How to Create a Chatbot with a Private Knowledge-Base Using RAG
==============

A tutorial for creating a chatbot that uses a private knowledge-base with retrieval augmented generation.

## What is it?

This is an easy tutorial for creating a basic chatbot with a private knowledge-base. The chatbot can answer questions related to a specific business, product, or domain. Unlike general chatbots (ChatGPT, etc.), a personal chatbot trained using retrieval augmented generation (RAG) can answer questions that are specific to a domain. For example, the chatbot could answer questions from your company's support technical support; or it could have specific knowledge about your business brochure, or perhaps about a specific person (such as yourself), or even about a personal hobby.

## How does it work?

The chatbot works by allowing users to upload documents (text files, PDF documents, HTML pages) from which the chatbot will utilize the content for constructing its responses.

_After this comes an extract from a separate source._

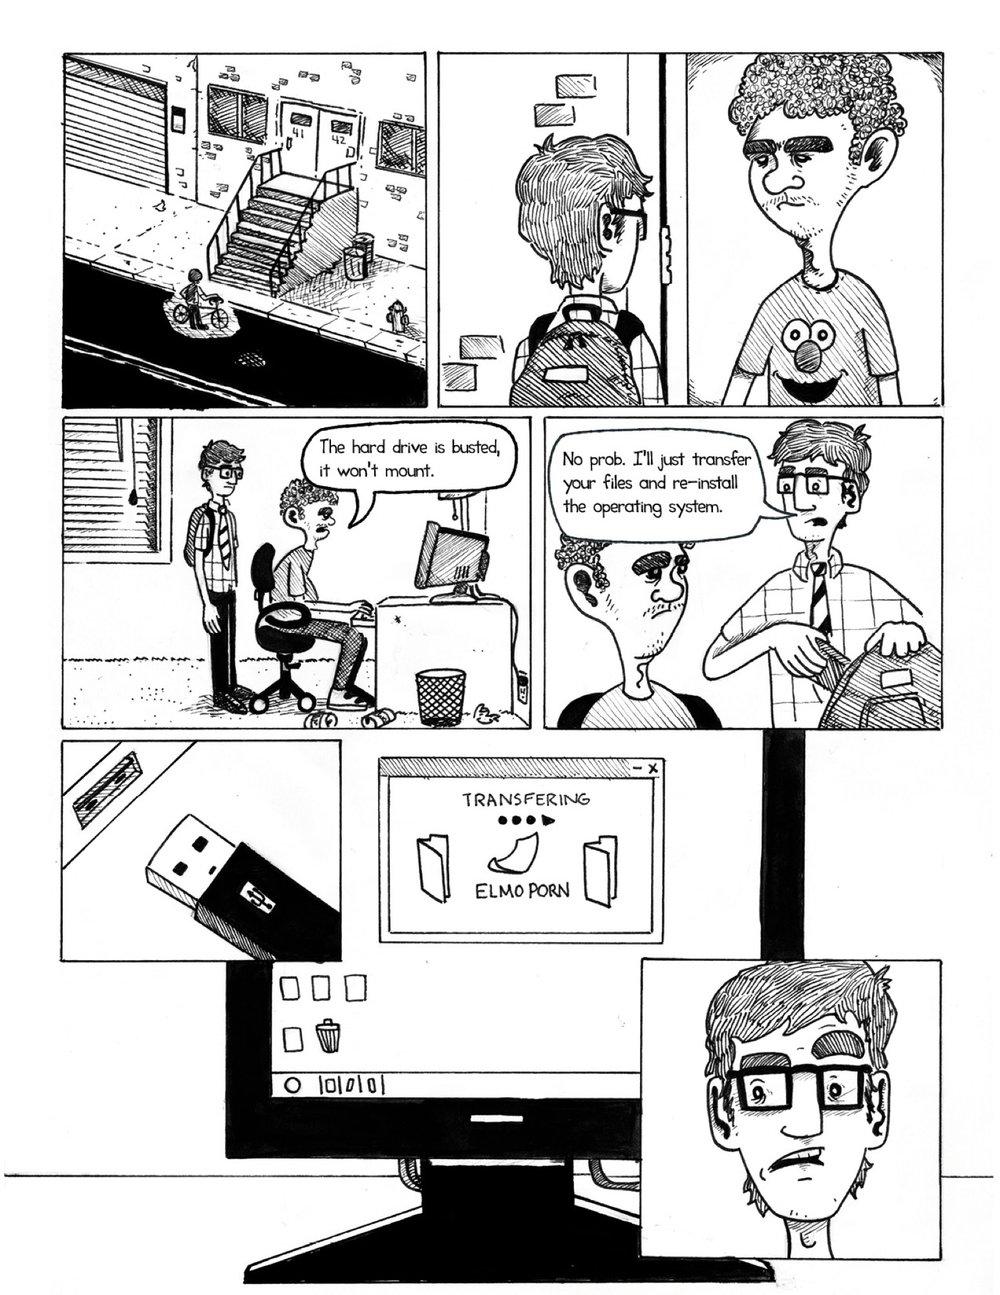 nerd_pimp_medium_res 69.jpeg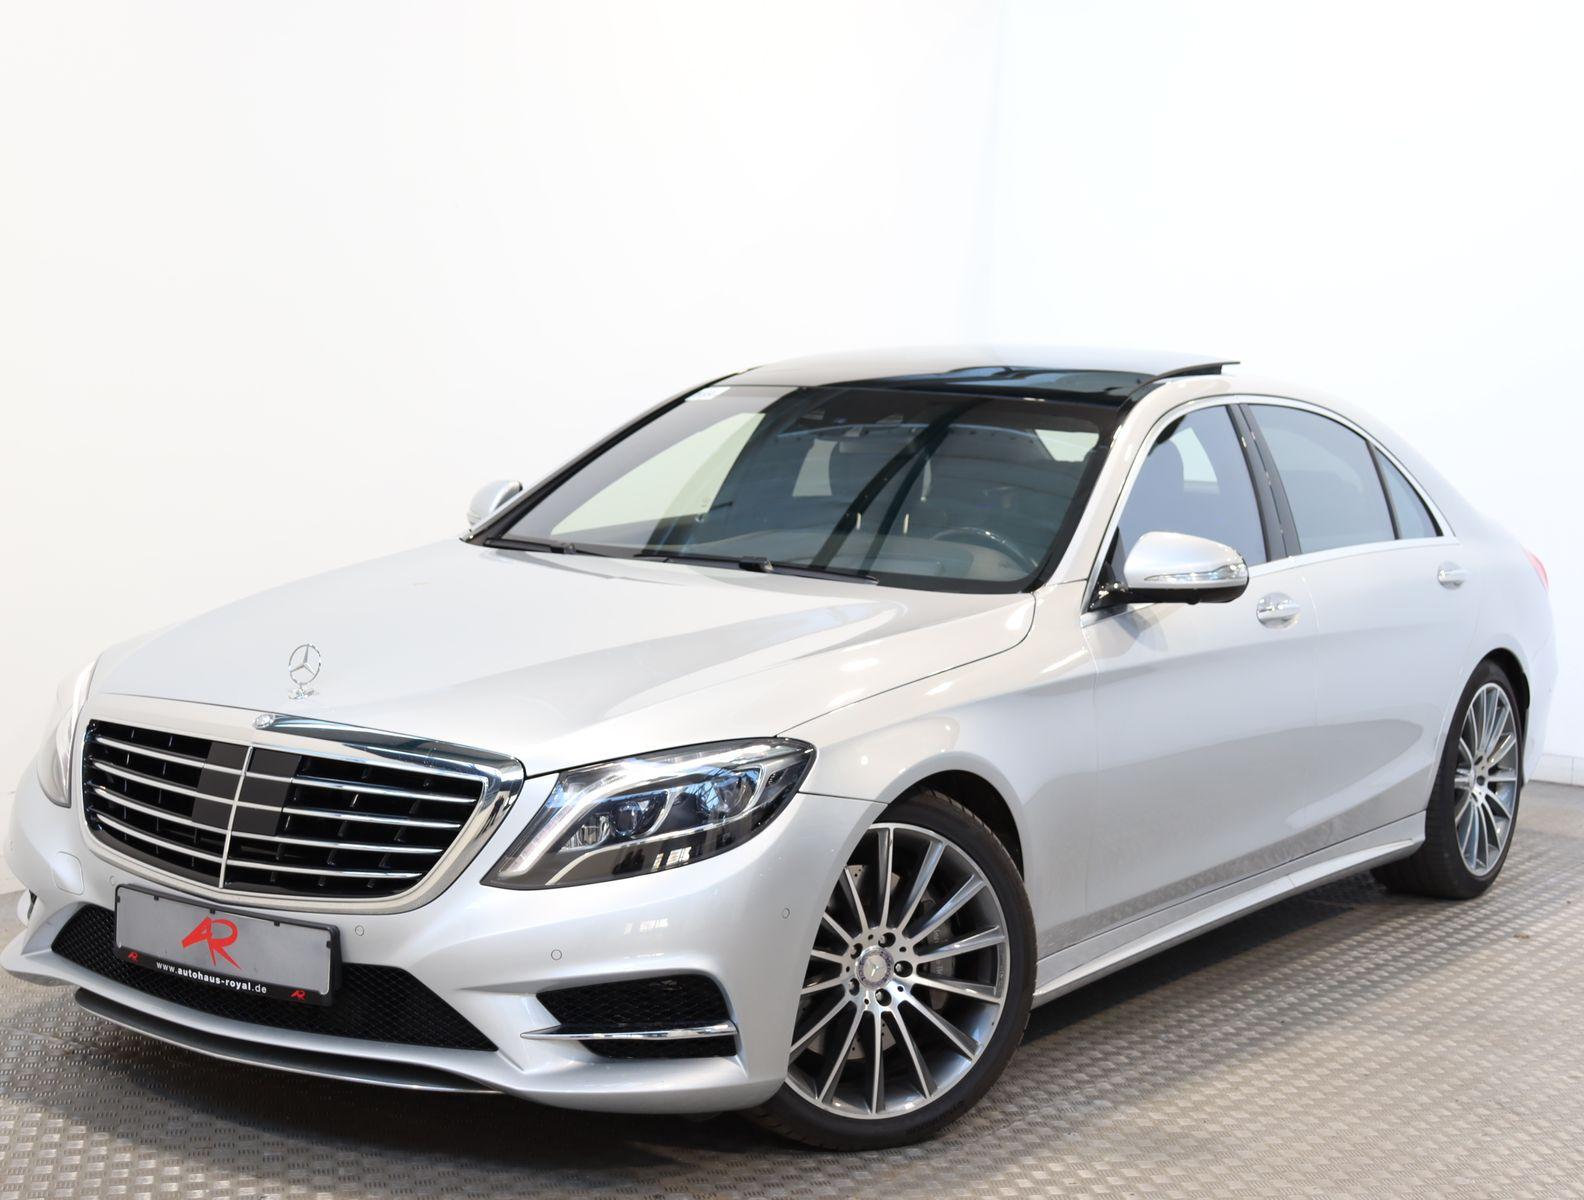 Mercedes-Benz S 500 4M LANG AMG LINE EXKLUSIV FOND-TV,HEADUP, Jahr 2014, Benzin

1. Each document is [stemmed](https://www.ibm.com/think/topics/stemming) and split into chunks (i.e., sentences and paragraphs).
2. The chunks are converted into a numeric vector.
3. The user enters a query for the chatbot.
4. The user's query is stemmed and converted into a numeric vector.
5. The user's query is matched agaist the database of content using a text similarity algorithm.
6. The top-N matches are included in the prompt as context, along with the user's query, and sent to an LLM.
7. The LLM uses the context to answer the question and respond to the user.

In [None]:
%pip install numpy pandas scikit-learn nltk PyPDF2 Cohere
from dotenv import load_dotenv
load_dotenv(override=True)

NUMBER_OF_MATCHES = 3 # Number of matching items to provide as context to the AI
CHUNK_SIZE = 99999 # Size of each matching item (99999 = entire document as context)

## Adding documents to the knowledge-base

Content can be added into the knowledge-base by providing text, PDF, or HTML files. The following methods read the associated files, extract the text, and return the stemmed and processed chunk data.

In [None]:
import os
import nltk
from nltk.tokenize import sent_tokenize
from nltk.stem import PorterStemmer
from PyPDF2 import PdfReader
from bs4 import BeautifulSoup

nltk.download('punkt')
ps = PorterStemmer()

def process_text(text, chunk_size=CHUNK_SIZE):
    sentences = sent_tokenize(text)
    original_chunks = []
    processed_chunks = []
    chunk = ""
    for sentence in sentences:
        if len(chunk) + len(sentence) > chunk_size:
            original_chunks.append(chunk)
            processed_chunks.append(' '.join([ps.stem(word) for word in chunk.split()]))
            chunk = sentence
        else:
            chunk += " " + sentence
    if chunk:
        original_chunks.append(chunk)
        processed_chunks.append(' '.join([ps.stem(word) for word in chunk.split()]))
    return original_chunks, processed_chunks

def read_pdf(file_path):
    with open(file_path, 'rb') as file:
        reader = PdfReader(file)
        text = ''
        for page in reader.pages:
            text += page.extract_text()
    return process_text(text)

def read_html(file_path):
    with open(file_path, 'r') as file:
        soup = BeautifulSoup(file, 'html.parser')
        text = soup.get_text()
        return process_text(text)

def read_txt(file_path):
    with open(file_path, 'r') as file:
        text = file.read()
        return process_text(text)

## Processing content

After the documents have been processed with stemming and divided into chunks, they are converted to numeric vectors and added into a database in memory.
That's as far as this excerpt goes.